**TASK OBJECTIVE:** Reproduce word for word the lines between those holding "bb2a05d2834c0 Maternity Outfits" and "pretty skin プリティスキン", inclusive, and nothing else from the data below.
[[ PROVIDED MATERIAL, beginning ]]
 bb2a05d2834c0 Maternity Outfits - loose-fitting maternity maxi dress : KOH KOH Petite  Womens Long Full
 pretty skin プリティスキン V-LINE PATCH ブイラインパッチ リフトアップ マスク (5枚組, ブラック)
[[ PROVIDED MATERIAL, end ]]
[[ PROVIDED MATERIAL, beginning ]]
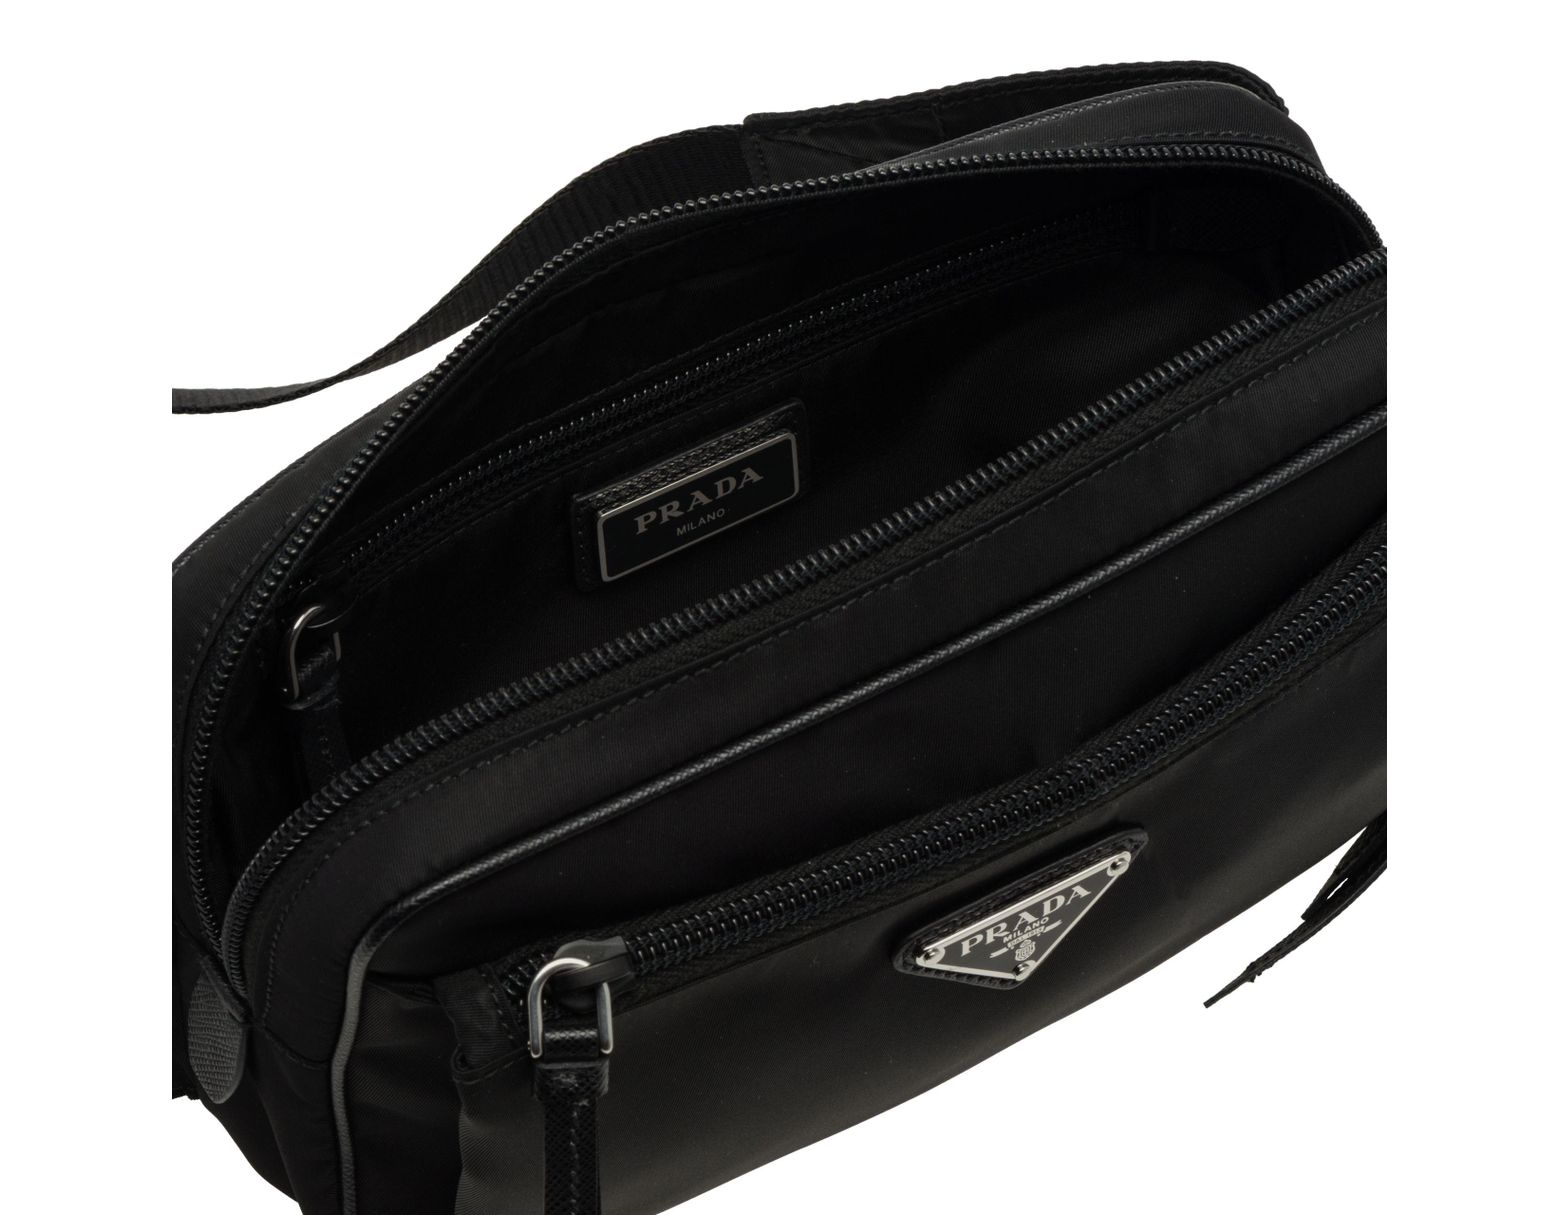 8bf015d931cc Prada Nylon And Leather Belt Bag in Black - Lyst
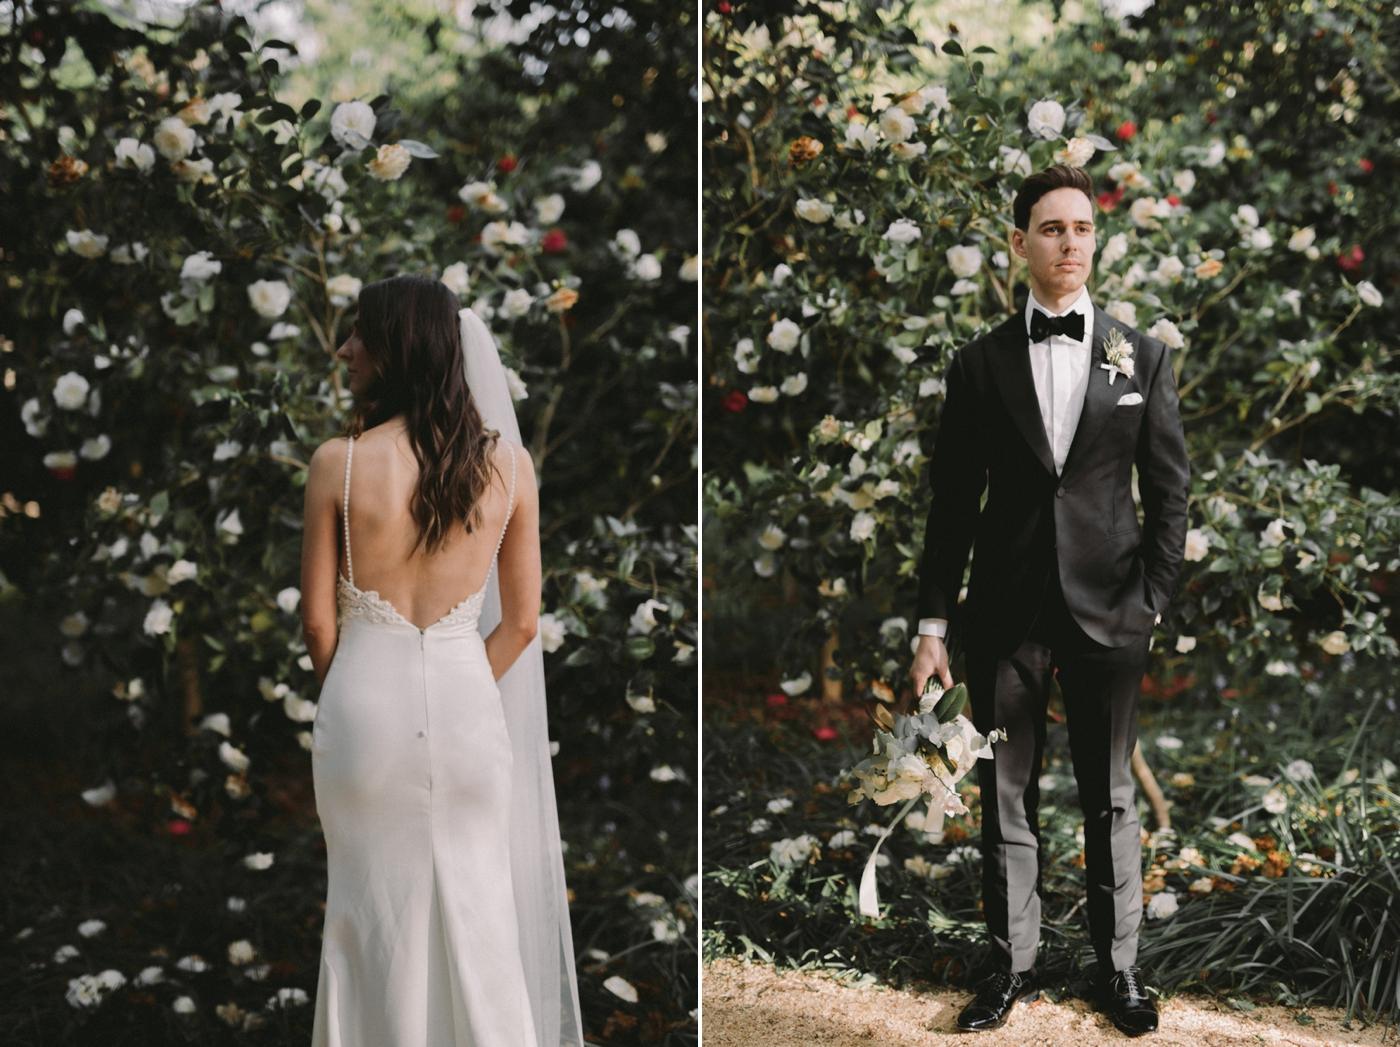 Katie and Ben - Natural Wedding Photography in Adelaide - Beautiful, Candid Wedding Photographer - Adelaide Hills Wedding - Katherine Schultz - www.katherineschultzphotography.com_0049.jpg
[[ PROVIDED MATERIAL, end ]]
[[ PROVIDED MATERIAL, beginning ]]
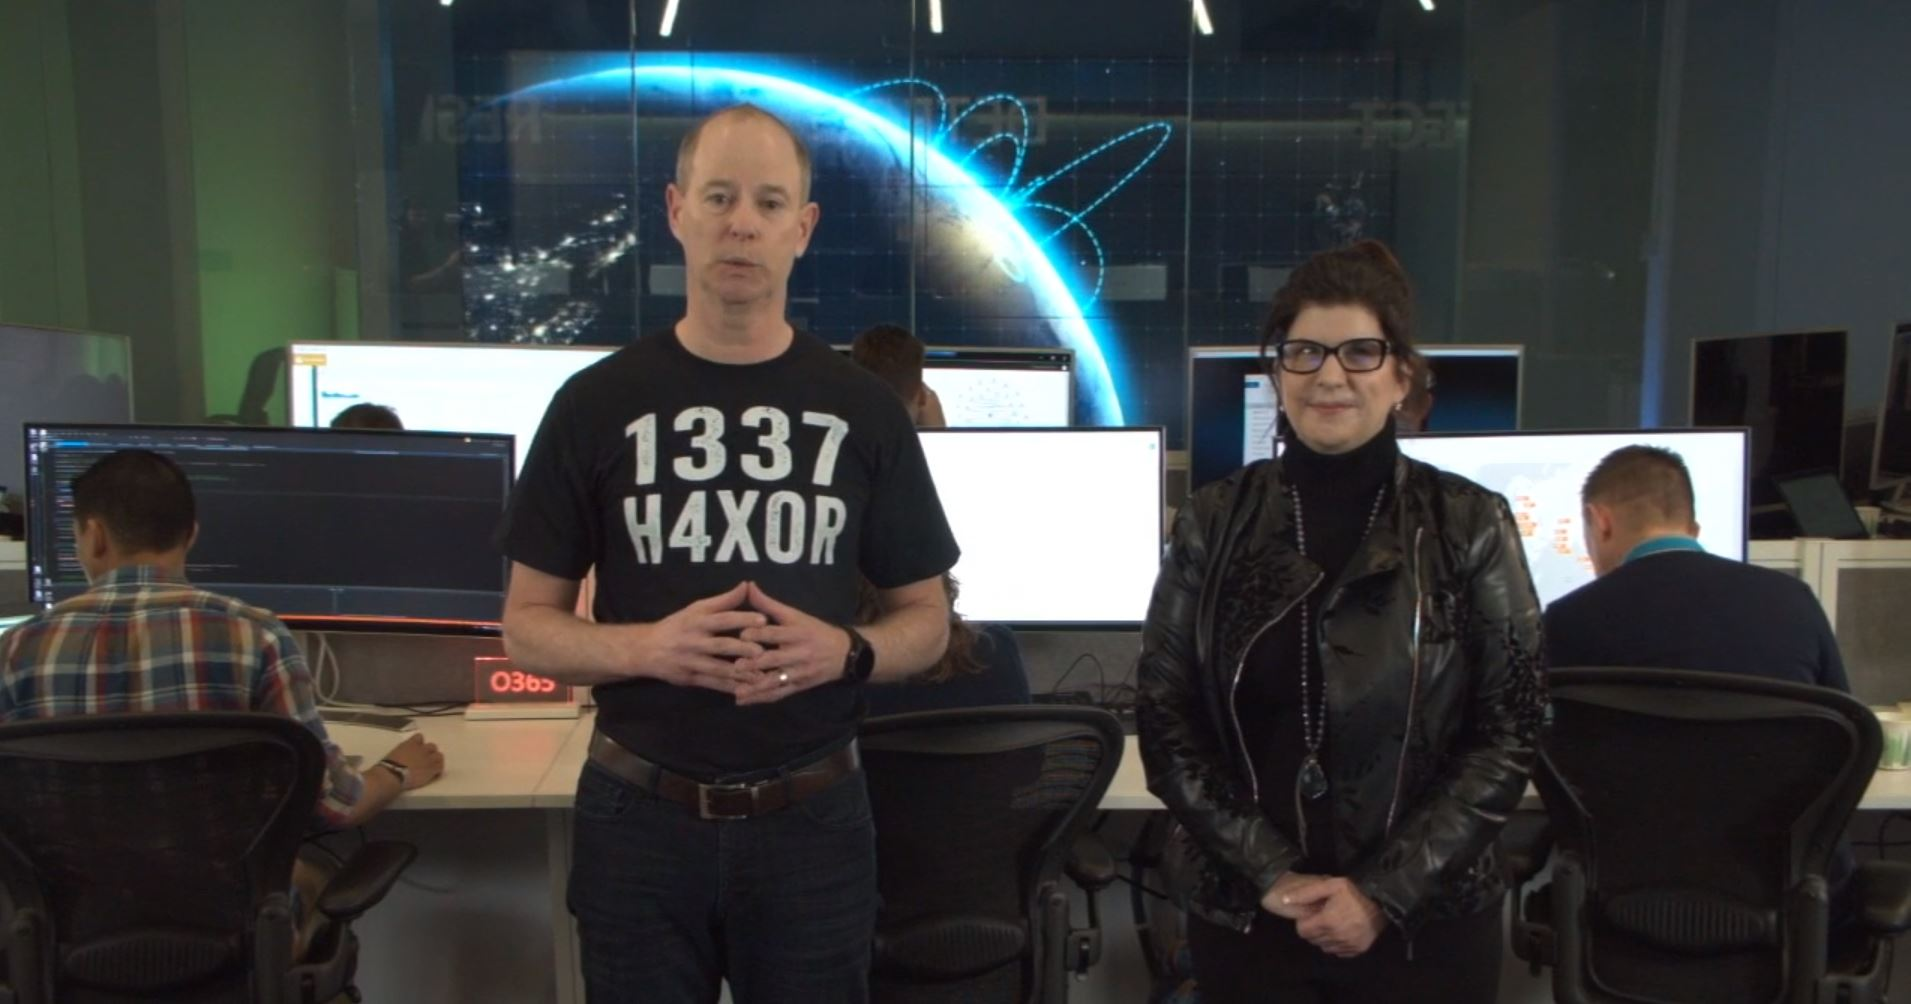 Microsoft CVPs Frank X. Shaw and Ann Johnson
[[ PROVIDED MATERIAL, end ]]
**ANSWER SECTION:**
 bb2a05d2834c0 Maternity Outfits - loose-fitting maternity maxi dress : KOH KOH Petite  Womens Long Full
 pretty skin プリティスキン V-LINE PATCH ブイラインパッチ リフトアップ マスク (5枚組, ブラック)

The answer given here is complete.